Roberts stood with him, allowing his anger to rise. “It’s the truth! And whether you like it or not, it’s going to come out. Our only option is to meet with her.”
“Kill her! Kill them all!”
“By five o’clock tonight? Banks will get the kid and the other two, but you don’t just walk up to Donna Blair of NBC and pop a slug in her head. If we’re not there by five, she goes public. If we are, we at least have some time to reason with her. Give us another evening, and I think we have a better than even chance of making them all dead. But not cooperating now would be a fatal mistake. We have to show good faith.”
Crandal balled his hands into fists and turned from the table, steaming like a bull. His jaw flexed with the grinding of his teeth. “I swear, Roberts, if this goes bad, I’ll crucify you.”
“Actually, I think it’s you they’re trying to crucify. I may be your only way out. You should keep that in mind. We’ve got six hours to get to L.A. We should leave.”
Crandal walked away from the table, unable to hide a tremble in his hands. He walked up to the wall and smashed both palms against the green-leafed wallpaper. The entire room shook. It was the first time Roberts had seen the man hit
a wall.
The night hunt had gone badly.
For starters Banks had eased his Monte Carlo down the road for less than two miles before coming to the conclusion that he was passing terrain that would have allowed Jason’s four-wheel drive to leave the road in a dozen spots, given the right motivation. And that motivation clearly existed.
He had painstakingly covered the first three miles of the seven-mile stretch before deciding to park for the night and resume his hunt at first light. He pulled the sedan out of sight and slipped into a light sleep.
Problem was, first light came at four-thirty, and it wasn’t the sun blaring through his windshield; it was two headlights.

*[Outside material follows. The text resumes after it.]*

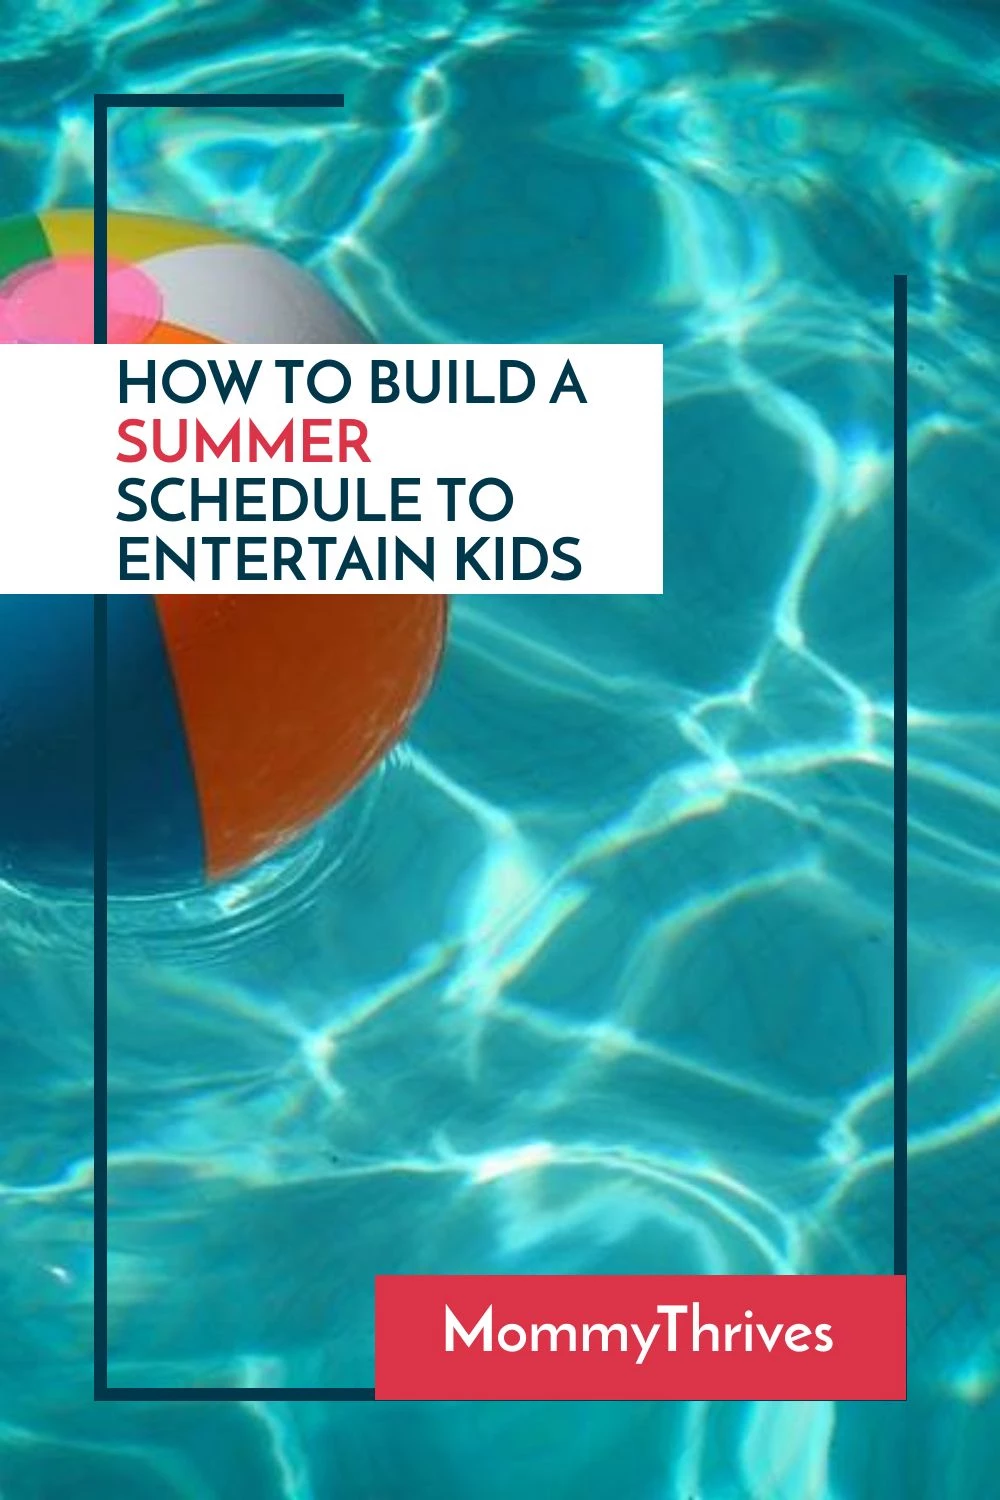 Summer Activites For Kids - Summer Schedule For Kids - Motherhood Tips and Tricks For Summer

A lone driver roared by in the Bronco. Again? Jason was going back out by himself. Banks nearly followed the man before deciding that this actually worked to his advantage. The sport utility would return. And now Jason had inadvertently narrowed his location to the direction from which the Bronco had come.

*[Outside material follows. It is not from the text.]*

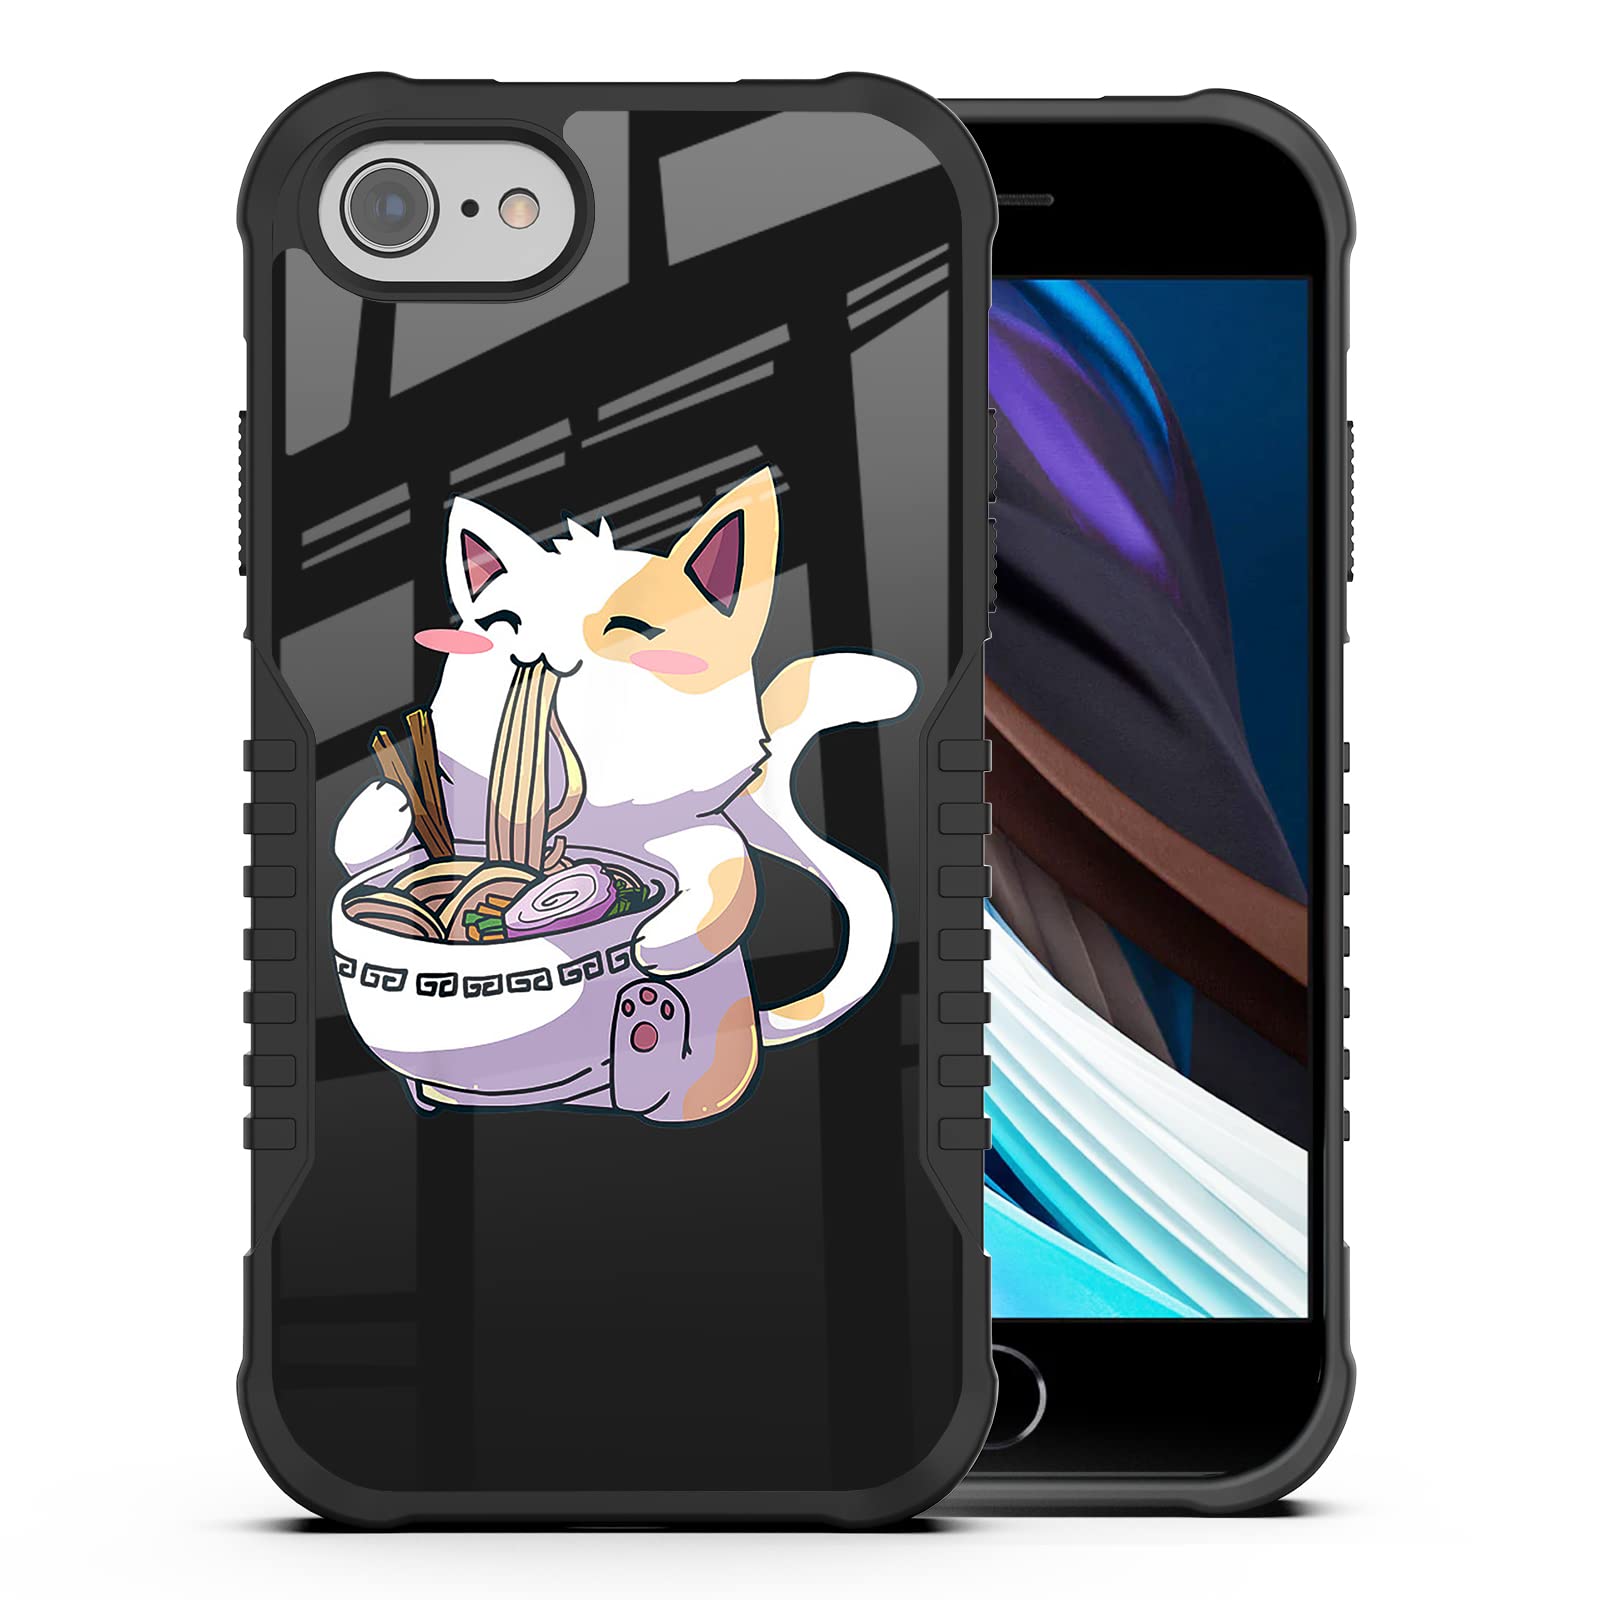 YU GI OH ANIME ART iPhone SE 2020 Case Cover

The vehicle roared back by forty minutes later, and this time Banks followed with his lights out. He made it another mile before the dust had settled enough for him to lose certainty that the Bronco had passed. But that put them in this last three miles of the road.
He had taken up the search again at six, with full light, and he’d run into his first logging trail at eight. The good news was that he was certain that the Bronco hid somewhere in these last two miles of road. The bad news was that the only way to search logging trails was to leave the main road and risk missing a fleeing Bronco.
He decided he would have to accept that risk. He searched the logging trails by foot, keeping the road within earshot. The first trail ended within a hundred yards, and he returned without incident. The second trail was longer, but he came to a large muddy patch under heavy growth that was clearly undisturbed. No vehicle had passed this way. Strike two.
The search proved much slower than he’d anticipated. But slowly he eliminated road. By three o’clock he was down to the last half-mile and his pulse was feeling it. They were probably camped where the road ended.